Friday, May 25, 2007

Business Media & Schumpeterian Dynamics

Today's "Financial Insight" column on the back page of the Wall Street Journal's Money & Investing section discussed Dell's recent foray back into retail, via Wal-Mart.

Essentially, the computer maker has deigned to sell some desktop units through the giant discount chain. Notably absent, however, are its notebook products. I wrote this post last fall, discussing how mistaken I believe Dell's strategy is in this respect.

At the end of the short piece, the authors wrote,

Dell has tried this strategy before, and it failed. In 1993, it began selling PCs at Sam's Clubs, a division of Wal-Mart. One year later, it pulled out. The reason: "This is a no- or low-return business," said Michael Dell. "We like to be in businesses where we can make money, and we know how to do that in the direct business. He must be hoping history doesn't repeat itself"

Guys, it never does.

What puzzles me is why much ink is even spent on this sort of Dell action anymore. History assuredly won't 'repeat' itself, in the larger sense, in that Dell is history. Its phenomenal total return and sales growth run is history. It has become just another datapoint sustaining Joseph Schumpeter's keen observations, early in the last century, on the nature of the rise and fall of businesses in a technologically-based, fast-moving capitalistic economy.

Home Depot is essentially the same. It, too, is now a market-saturating, mature company. The salad days of rapid, profitable growth and consistently-superior total returns are over.

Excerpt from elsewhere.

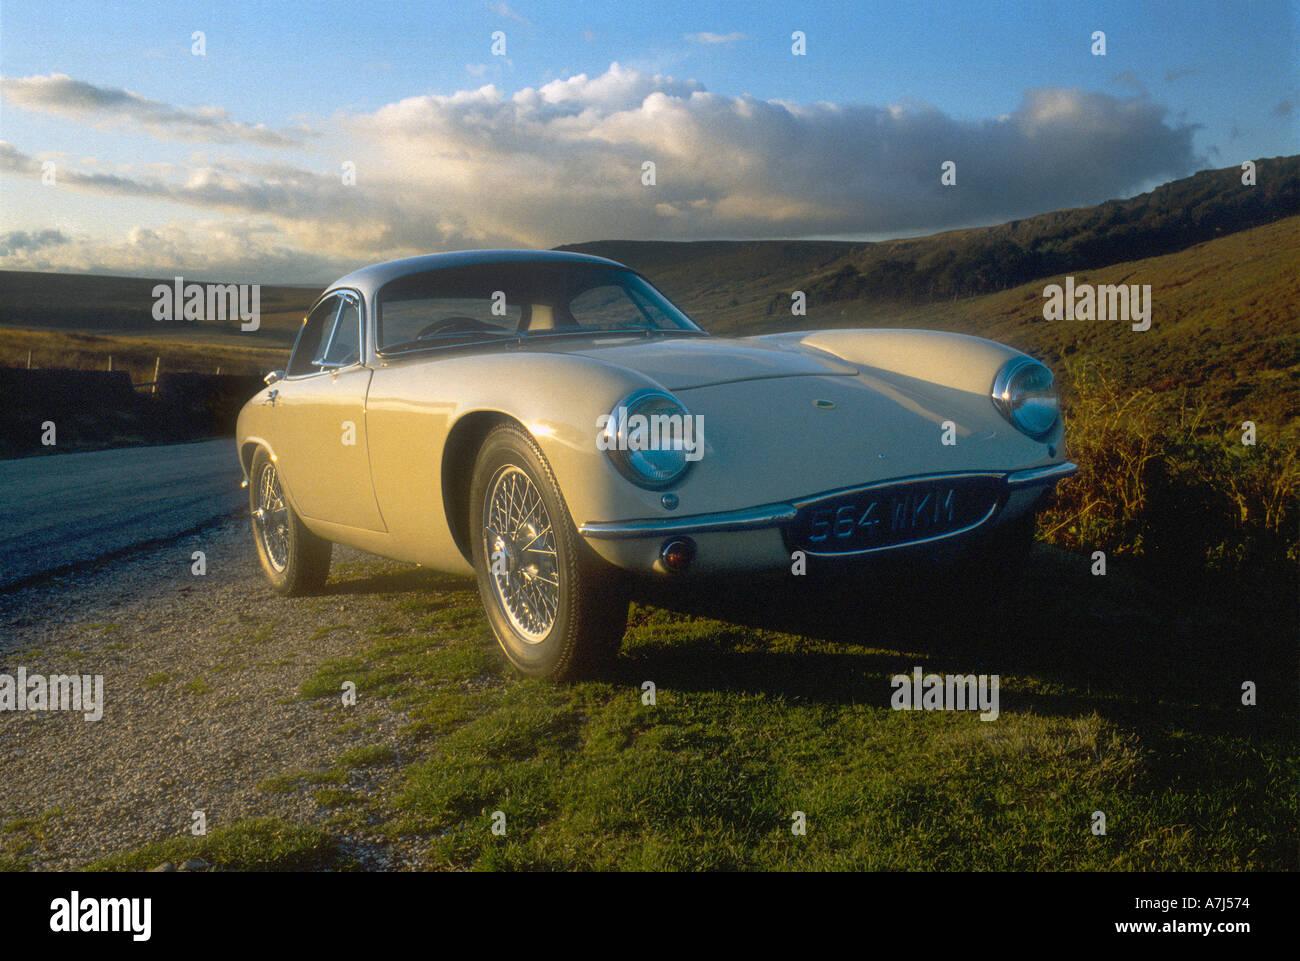 Superb Lotus Elite Special Equipment Classic Sports Car   Stock Image

Why can't the people in the business media see this? Companies are born, some develop strongly, they mature, then they age and go gently into that good night.

From an industrial structure point of view, aging sectors tend to consolidate, in order to preserve some vestiges of profit margin, amidst slowing or declining sales volumes and revenues. Very rarely, if ever, do leaders in a non-cyclical sector rise again, without drastically changing their business focus.

Dell and Home Depot are now, hopefully, just interesting, Schumpeterian footnotes in business history. I wish I could write that we won't hear a lot about them anymore, but that's probably not true. Because business writers and reporters don't seem to know all that much about business theory and reality over time. At bottom, business "news" and reporting seems to be more about entertainment than providing useful insights and information.